Debt defaults will perform like the virus has – in a fashion that is highly contagious. But it hasn’t started … yet. The combination of these economic downturns will result in capital flight, then commodity price collapses (as we have seen), then onto political instability and what is termed a pervasive “risk-off” sentiment in the markets.
Corporate debt defaults will plague the markets, employment and economies for several years to come. Many companies have already been known to be locked out of refinancing or selling new debt and face a financial brick wall. Bond defaults are expected to quickly accelerate in the second half of the year. More widely, in the coming months, some countries will be unable to refinance their debts. ‘Sovereign debt crisis’ is a term you’ll hear about a lot more about in future. The IMF and World Bank will be swamped and will not be able to plug the holes.
The year 2020 is already being written into our history. It’s a civilisational story, like the world wars. The battle between us and Covid-19 will see millions infected and who knows how many will lose their lives. It will be recorded as a test of our humanity and how we closed ranks to protect ourselves. And just like the effects of any war, it will increase poverty and inequality in equal measure. The poor will be hit the worst and the rich will take it as an opportunity to make money. We really do only have one chance to get this right and there are some examples to show the way.

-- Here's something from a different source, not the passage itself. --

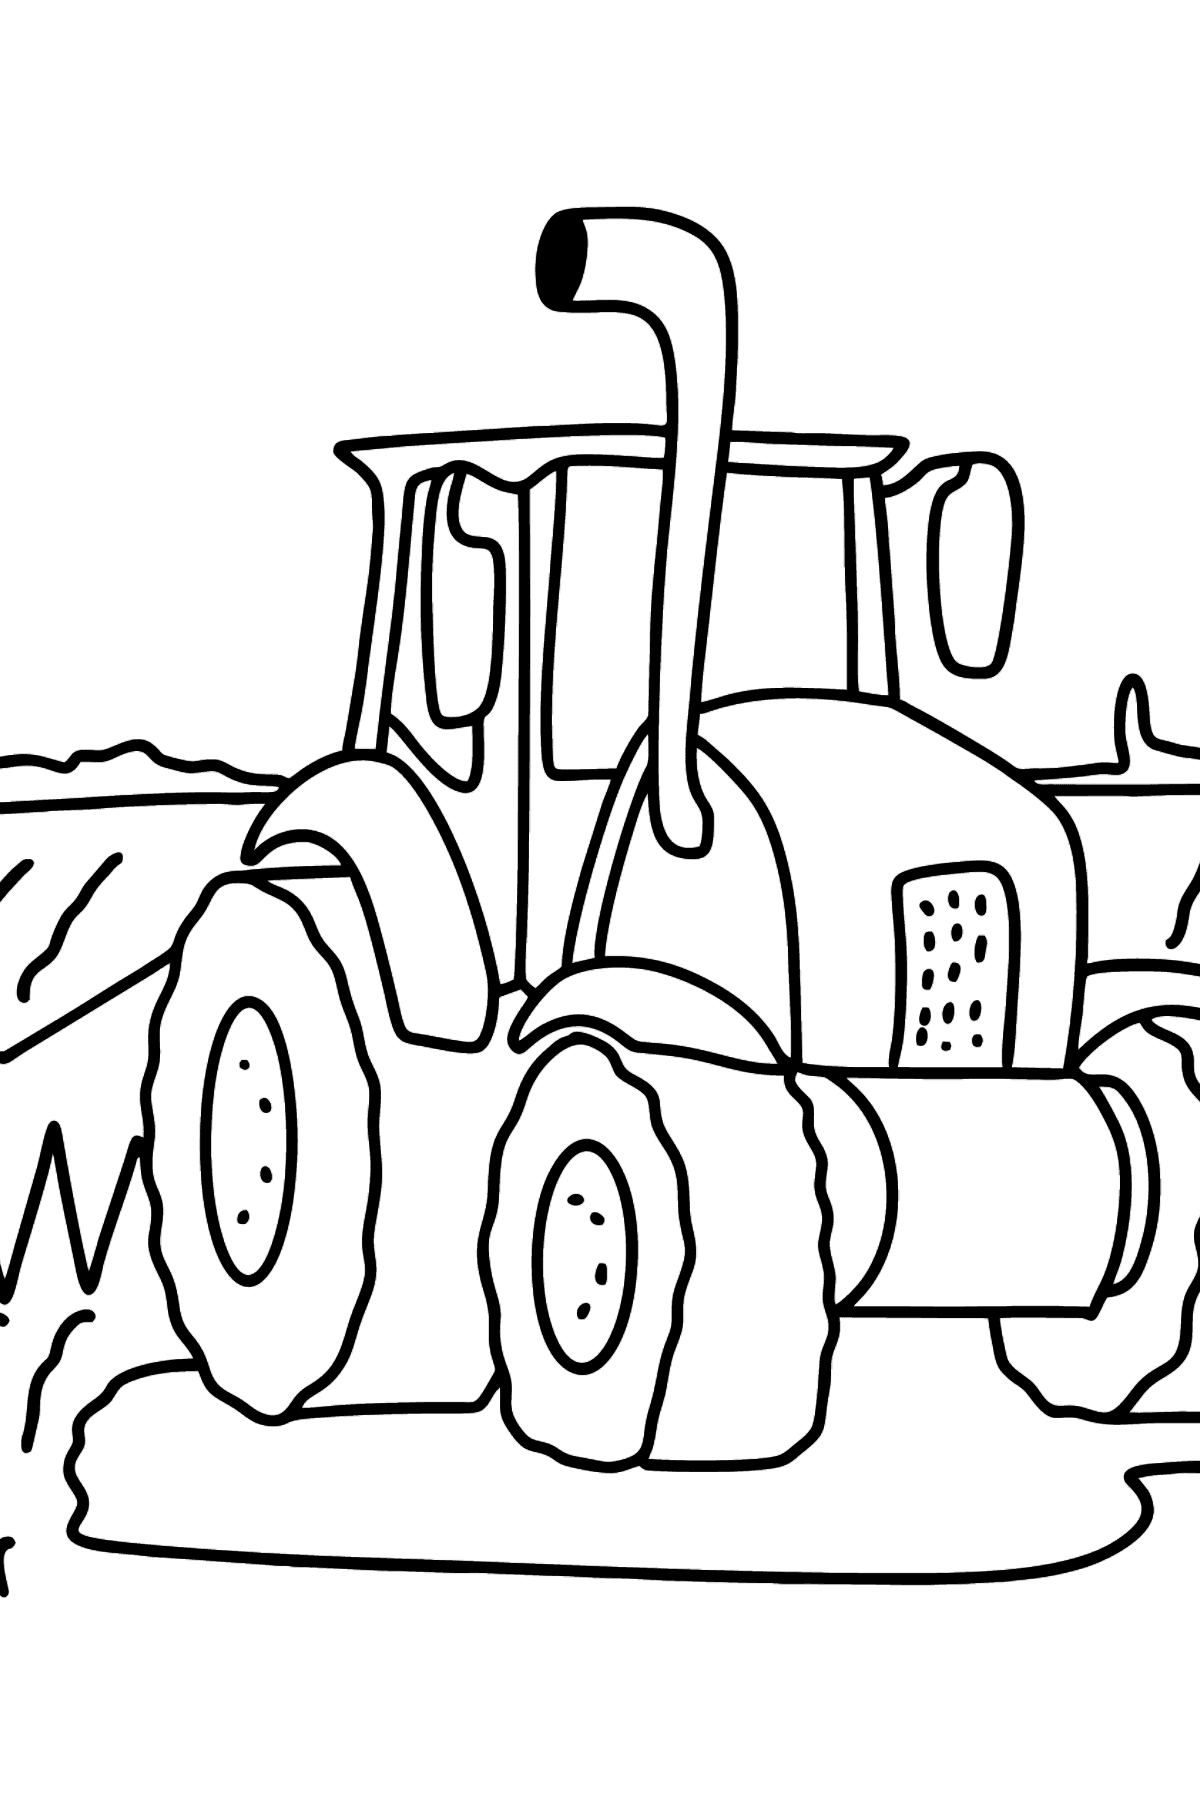 Kleurplaat tractor in het veld - kleurplaten voor kinderen

The New Deal was a series of programs, public work projects, financial reforms, and regulations enacted by President Franklin D. Roosevelt in the United States between 1933 and 1939. It responded to needs for relief, reform, and recovery from the Great Depression. It is considered one of the greatest socio-economic reactions to market collapse and human misery ever – and got a nation back on its feet. There is no chance of such an event emanating from Trump’s America. The creation of the European Union was a response to WW2 and for decades was a great success. Currently, their finance ministers have failed to agree a bailout plan after a marathon meeting to mitigate the worst-affected member states despite more than 16 hours of negotiation.
This time, it looks far more likely that our collective human reaction will be more akin to a sinking ship. This is because half of the world’s population is now run by populists leaders. The problem this time is that there aren’t enough lifeboats having used most of them to save the banks last time.